Bei einem Florabesuch mit Verwandten und Freunden würde ich natürlich auch gerne im Cafe eine genüssliche Pause einlegen, aber unter diesen Umständen schenkt man es sich lieber, denn dann ist es nicht nur nervig, sondern auch peinlich, so etwas kann man seinem Besuch nicht zumuten.
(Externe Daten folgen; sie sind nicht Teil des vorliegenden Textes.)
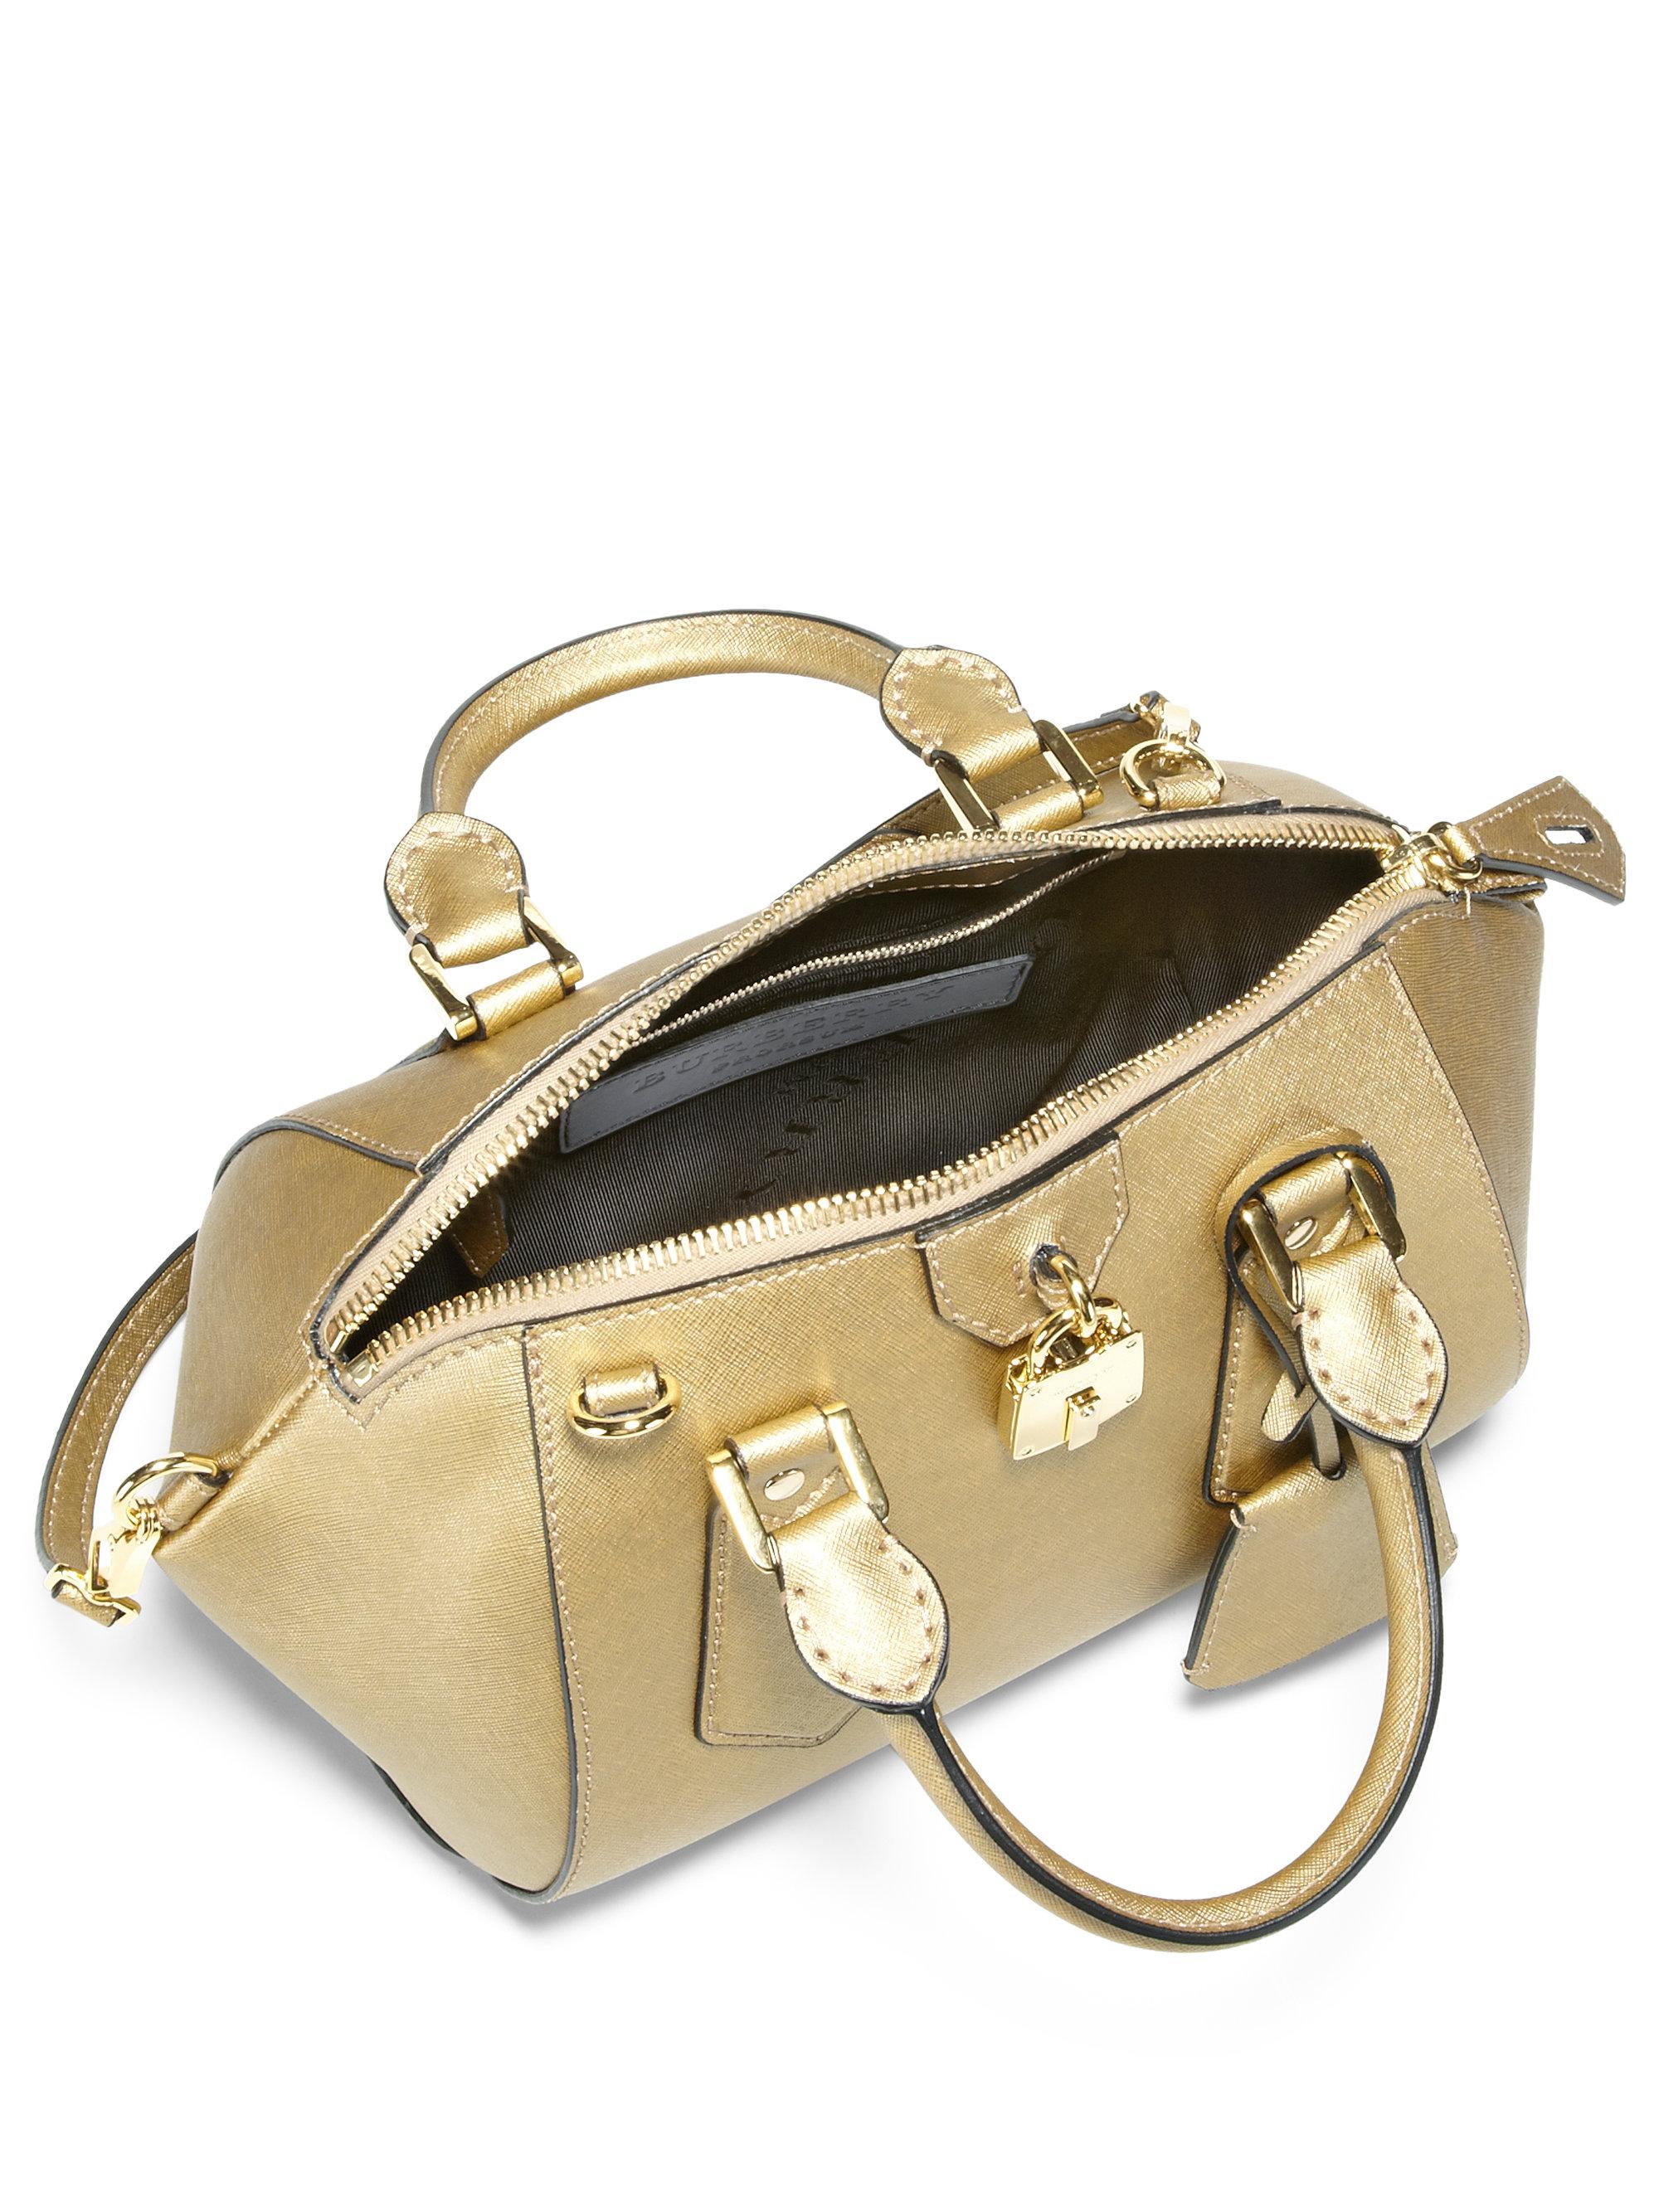 Burberry prorsum Blaze Metallic Satchel Handbag in Metallic | Lyst

Zu guter Letzt noch: die ganzen Plastetaschen kann man jeweils am Tisch stehen lassen, sie werden zwischendurch eingesammelt. Ist das Geschirr nicht schon von den Gästen selbst zurück in die Taschen geräumt worden, wird es geräuschvoll klirrend vom Personal in die Taschen verfrachtet, was wohl auch den Katscher an meinem Becher erklärt, was man aber erst bemerkt, wenn man den Gummideckel entfernt hat.

All das wird dem edel sanierten Floragebäude für mich nicht gerecht und auch nicht den ordentlichen Preisen im Café.

Und nachdem ein Besucher bereits im großen Garten umhergelaufen ist, würden sich auch seine Füße freuen, wenn man sich einfach an einen Tisch setzen könnte und nur auf die Bedienung warten müsste…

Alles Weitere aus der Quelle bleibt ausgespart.